- Genre: Entertainment news
- Created by: Chris Wilson; Christopher Price; Stuart Murphy;
- Presented by: Christopher Price; Colin Paterson; Claudia Winkleman; Clare McDonnell; Julia Morris; Iain Lee; Jasmine Lowson; Paddy O'Connell; Jo Whiley; Joe Mace; Amanda Byram;
- Theme music composer: Moby
- Country of origin: United Kingdom
- Original language: English
- No. of series: 4

Production
- Executive producers: Chris Wilson; David Ford;
- Production location: BBC Television Centre
- Editor: Steve Hughes
- Running time: 30:00
- Production company: BBC

Original release
- Network: BBC Choice (2000–2003); BBC One (2001–2003); BBC Three (2003–2004);
- Release: 30 May 2000 – 1 April 2004

Related
- Zero30

= Liquid News =

British TV programme (2000–2004)

Liquid News is an entertainment news programme which was broadcast by the BBC from 30 May 2000 to 1 April 2004. It was a daily round-up which was shown on BBC Choice and later on BBC Three.

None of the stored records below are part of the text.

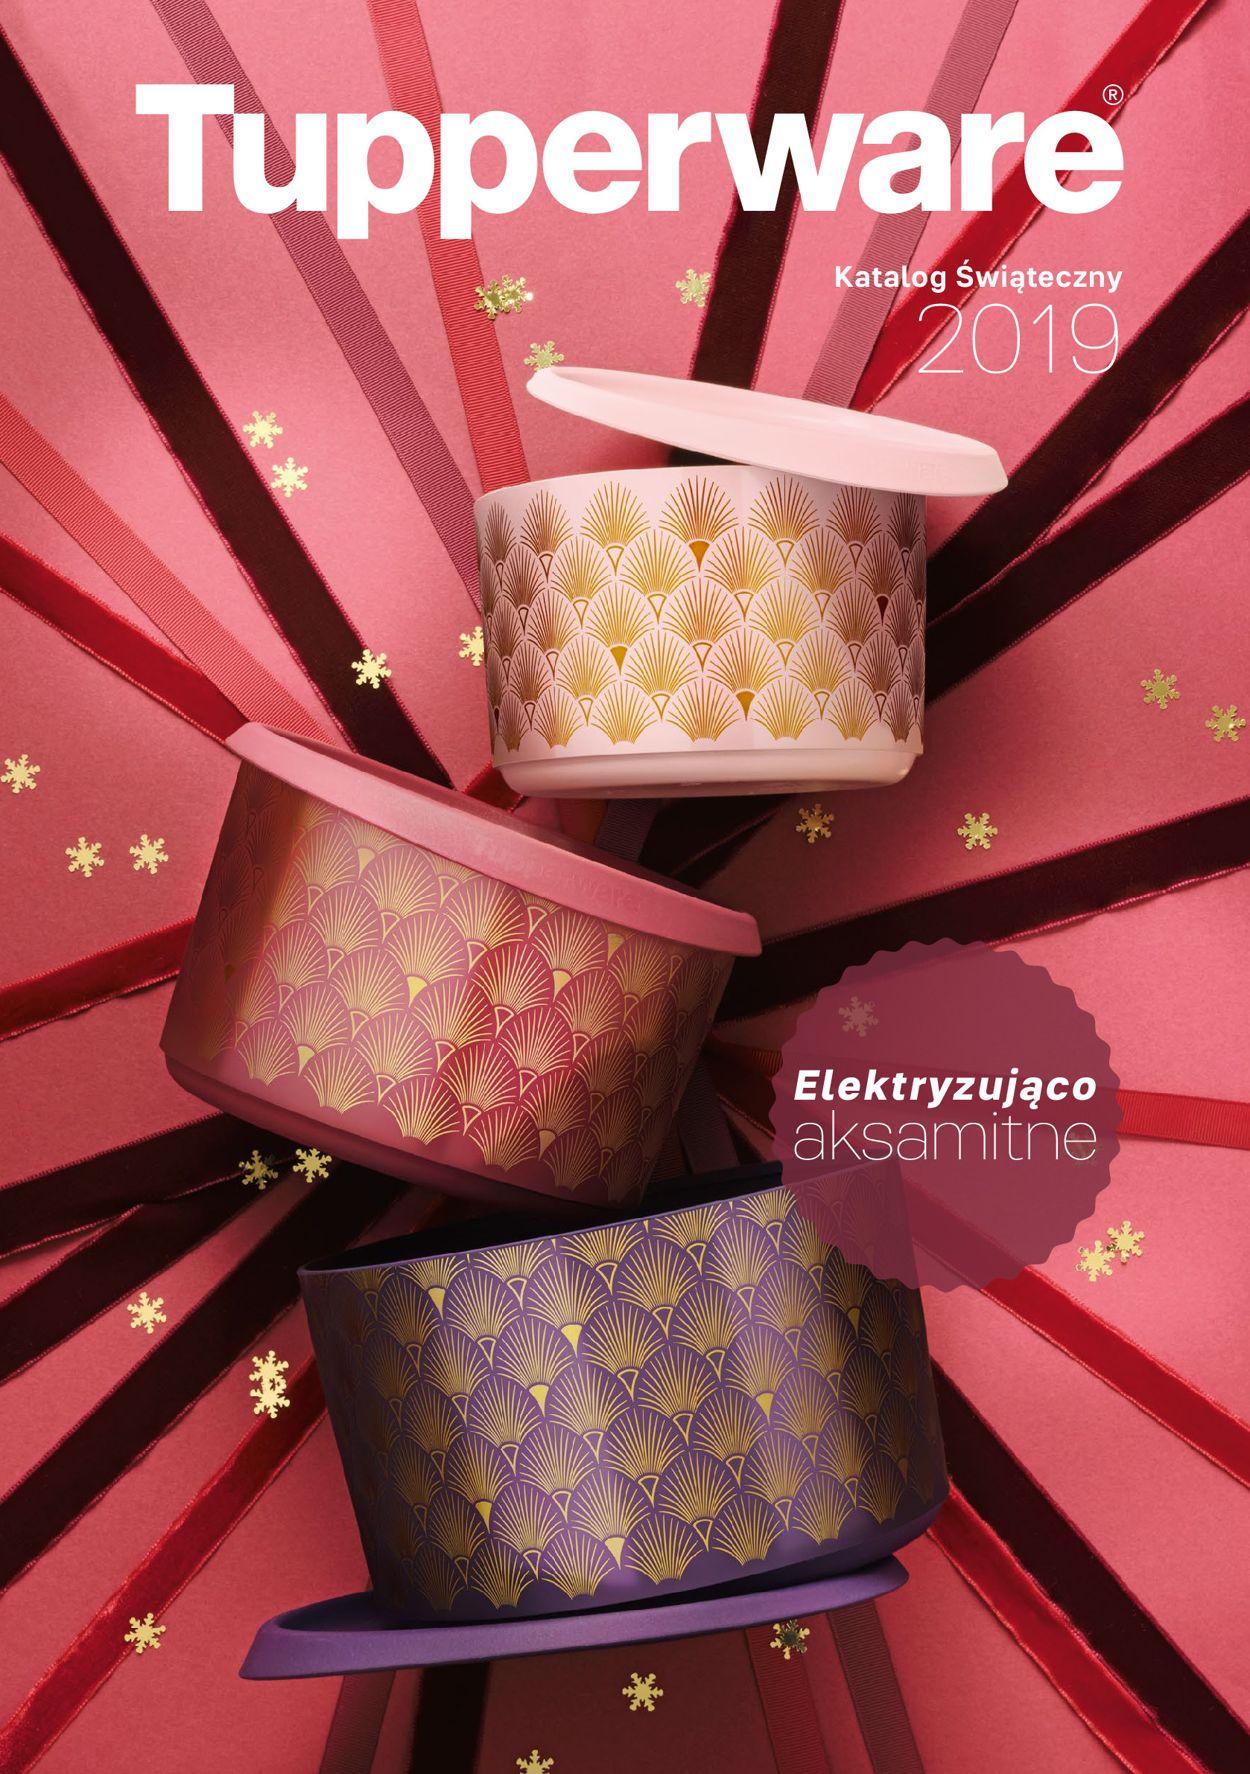 Gazetka promocyjna Tupperware - Katalog Świąteczny 2019 - 19.12-26.12.2019
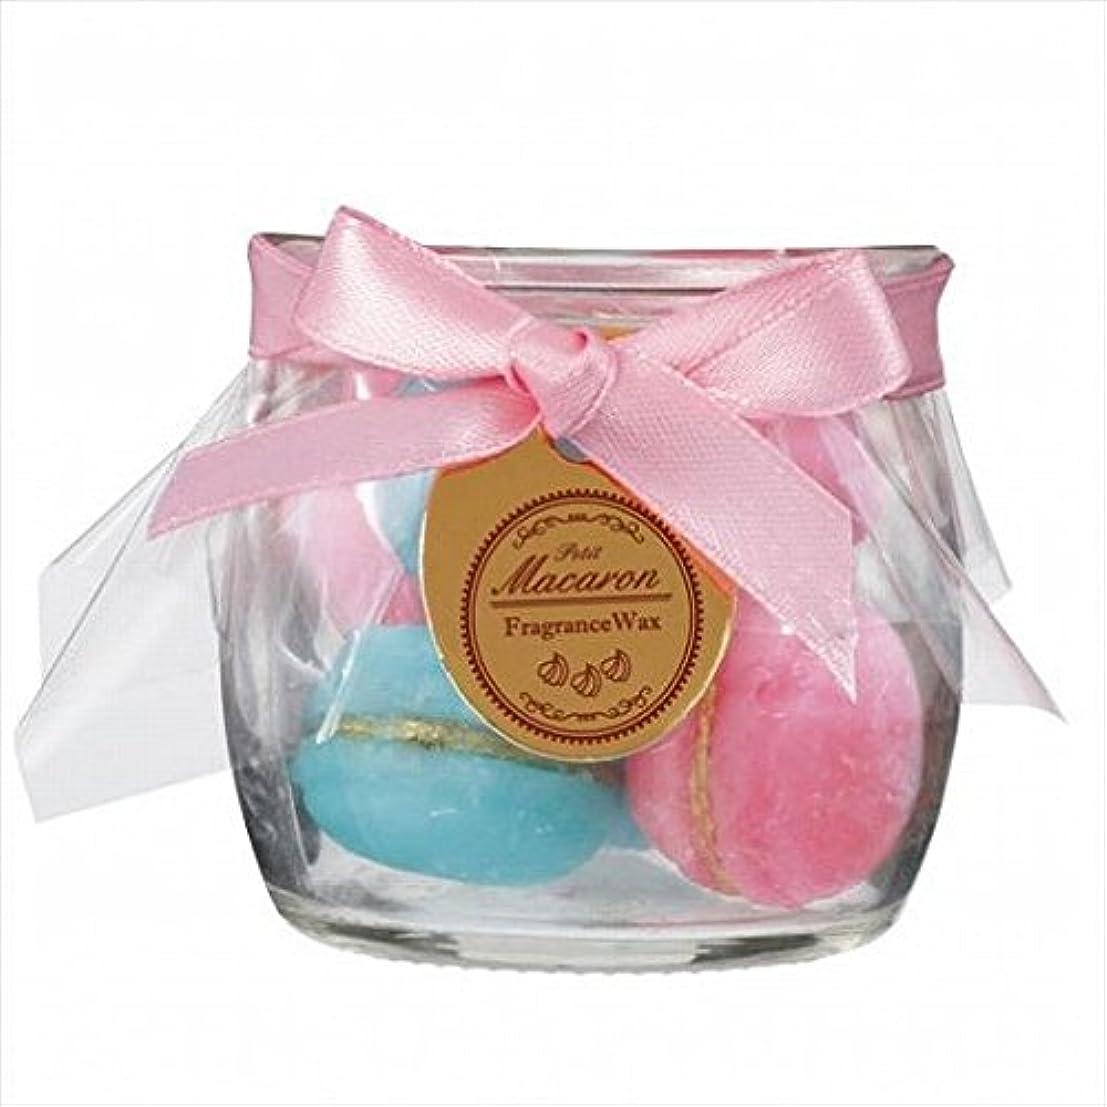 方法制限する識字sweets candle(スイーツキャンドル) プチマカロンフレグランス 「 ピーチ 」 キャンドル 60x60x56mm (A3160540)
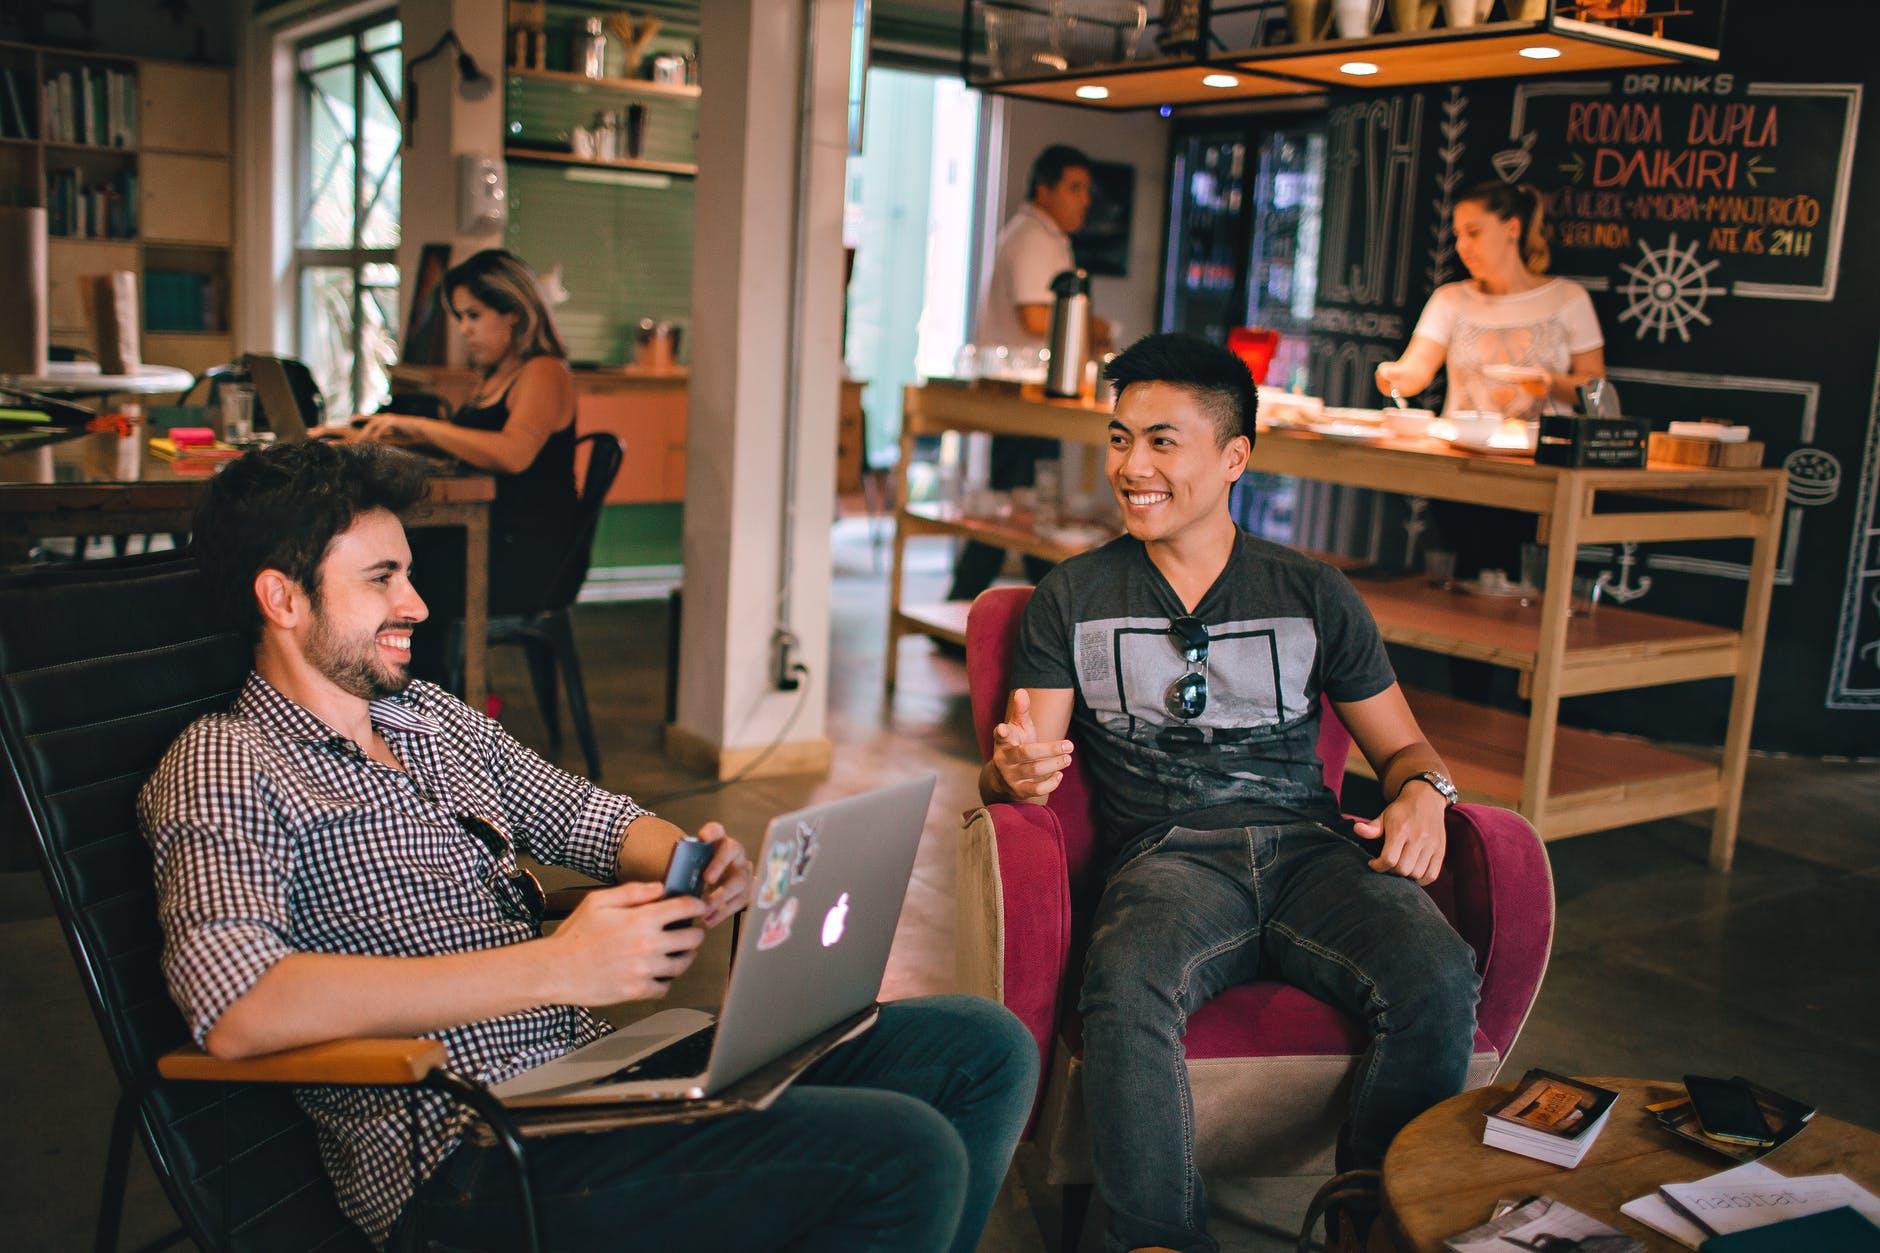 Artikel Motivasi Beri Pencerahan untuk Hadapi Tantangan Bisnis

The show was also broadcast weekly on BBC One and editions were also produced for the international channels, BBC Prime and BBC America.

The programme evolved from Zero 30, an earlier entertainment programme on BBC News 24. When that was dropped from the 24-hour news channel, the controller of BBC Choice, Stuart Murphy, took the format and brought it to the channel where it soon became the flagship programme.

==Format==
Each show started with a rundown of the headlines that featured in that edition of Liquid News after the main titles and the host introducing themselves. The show featured celebrity news from around the world (though mainly the UK), including live reports from staff in New York, Los Angeles and Cannes during the Cannes Film Festival.

Every edition had guests in the studio with the host to provide their opinions on the news featured, offer their views and to reflect with the host on those stories and to plug their own shows or records that they were promoting at the time.

The show would divide itself into sections of discussion which usually fell into the categories of music, film, television and sometimes sport which featured a main story of a pre-recorded or insert live from the regular roster of Liquid News reporters.

A number of special editions of Liquid News were made to celebrate major events in the celebrity world, which left the usual confines of the studio. One such edition took place at a rooftop pool in which Christopher Price was behind a small tiki bar with the guests sitting on bar stools.

==Cancellation==
In April 2004, Liquid News was cancelled. Murphy, controller of BBC Three and who originally commissioned Liquid News for BBC Choice, stated that the show would end as a way to "refresh the channel's output to best serve the audience". The news element of the channel was unaffected by the ending of the programme with 60 Seconds and The 7 O'Clock News already in existence, with the latter revamped as a half hour programme with a larger budget to replace Liquid News.

The 7 O'Clock News was cancelled in December 2005, while 60 Seconds departed screens alongside the original incarnation of BBC Three as a linear channel in February 2016. Since BBC Three's return to linear television in 2022, its news output has solely consisted of The Catch Up.

==Presenters==
Liquid News was originally a vehicle for presenter Christopher Price. Following his death on 21 April 2002, the show continued with a variety of presenters, beginning with Dale Winton and also including Colin Paterson, Claudia Winkleman, Julia Morris, Iain Lee, Jasmine Lowson, Paddy O'Connell, Lorraine Kelly, Phill Jupitus, Julian Clary, Jonathan Ross, Jo Whiley, Joe Mace and Amanda Byram.

The programme was relaunched on 6 October 2002, with Claudia Winkleman and Colin Paterson becoming the main presenters alongside new branding and the introduction of a Sunday night edition, whilst Julia Morris and Heat editor Mark Frith presented a revamped Friday evening edition.

In July 2003, Paddy O'Connell replaced Paterson, who remained on the programme as a reporter.

==Reporters==
The line-up of reporting staff included Colin Paterson, Stephanie West, Vanessa Langford, Tamzin Sylvester and Ruth Liptrot.

==Theme music==
Both versions of the theme tune were composed by Moby. The first theme was an original composition that had not been included on the Play album, titled "Bedhead".

The second theme was a DJ Tiesto remix of "We Are All Made of Stars", which featured on the single release.